Dimensionality reduction (ch175) turned the curse of dimensionality into a gift: in 4096D, every face is equally far from every other face. In 50D, same-person faces are genuinely closer than different-person faces.
Nearest-neighbor requires no training beyond encoding. The geometry does the classification work.
Limitations¶
Eigenfaces are sensitive to:
Illumination changes (the mean face captures average lighting; novel lighting → poor projection)
Scale and alignment (all Olivetti faces are pre-aligned; real-world faces are not)
Expression (large expressions move a face far from its neutral-face cluster)
Modern face recognition (deep CNNs) learns nonlinear features that are invariant to these factors. But the geometry is the same: encode → compare in embedding space.
Extension Challenges¶
Illumination attack. Artificially darken or lighten a test image (multiply pixel values by a scalar). How does accuracy degrade? Can you preprocess to mitigate this?

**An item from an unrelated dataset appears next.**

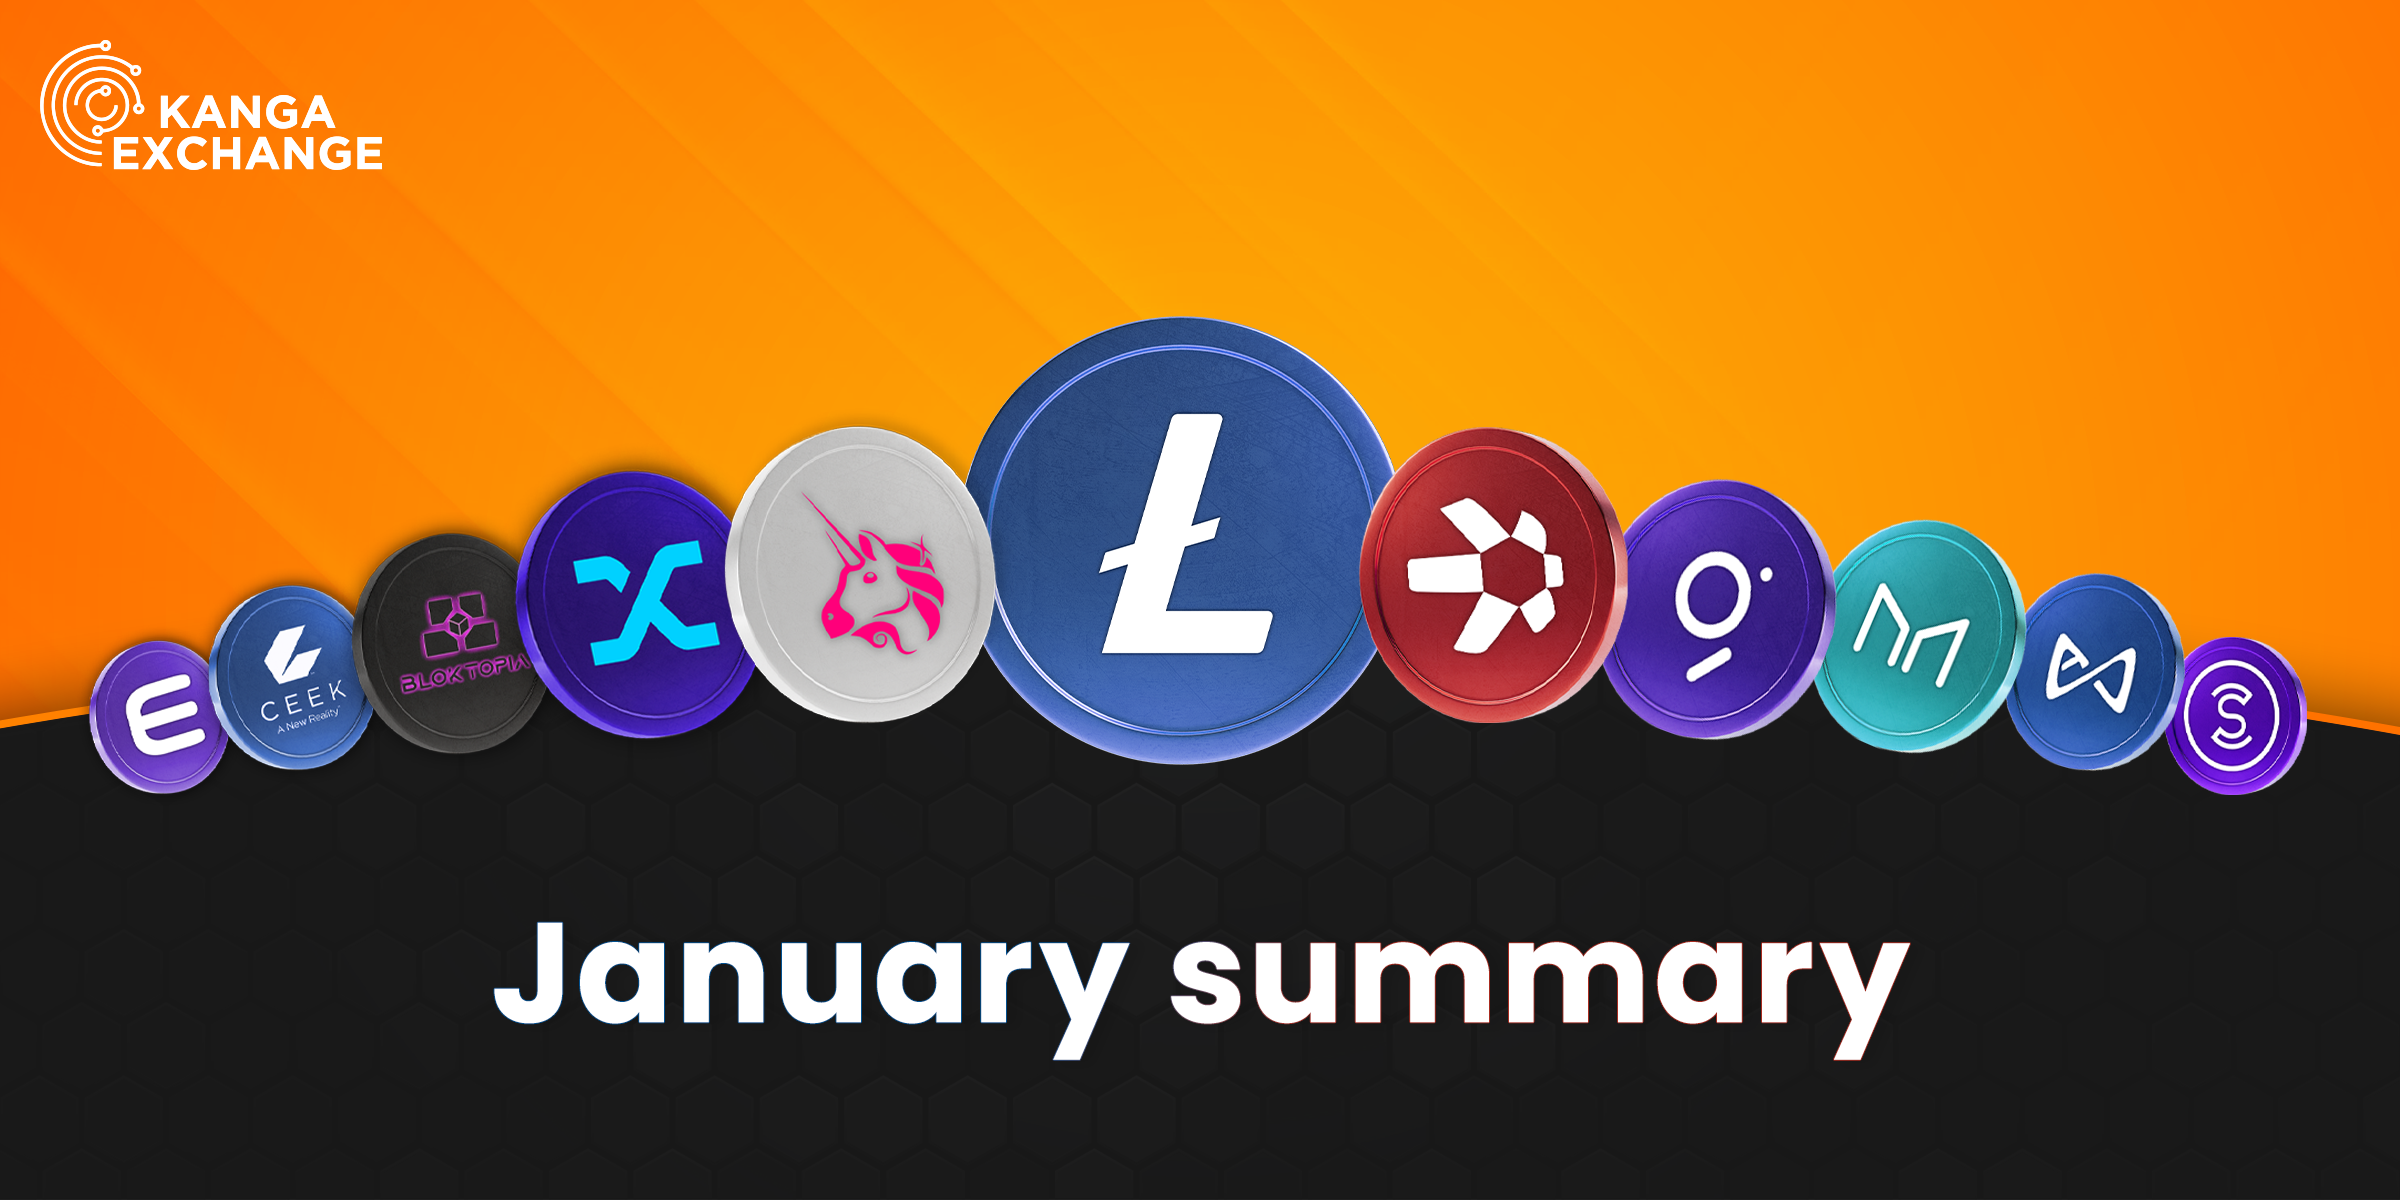 January Summary - New Listings on Kanga Exchange

Whitened PCA. Instead of raw eigenface codes, divide each coefficient by the corresponding singular value:
code_whitened = code / s[:k]. Does this improve accuracy? Why would it?Recognition threshold. Currently, the system always returns someone. Add a rejection option: if the nearest-neighbor distance exceeds a threshold θ, return “unknown.” Find the θ that maximizes F1 score on a held-out set with some injected “unknown” faces.
Connections¶
Used in this project:
SVD — (ch173)
PCA intuition and class — (ch174, ch181)
Dimensionality reduction and the curse — (ch175)
Projection matrices — (ch168)
Forward references:
The encoding step here (projection → coefficient vector) reappears in ch189 — Project: Latent Factor Model, where user/item matrices play the role of eigenfaces.
The nearest-neighbor classifier is a special case of the distance-based methods that ch284 (Clustering) formalizes.
The bias-variance tradeoff at high k prefigures ch284 (Overfitting) and the regularization methods in ch285.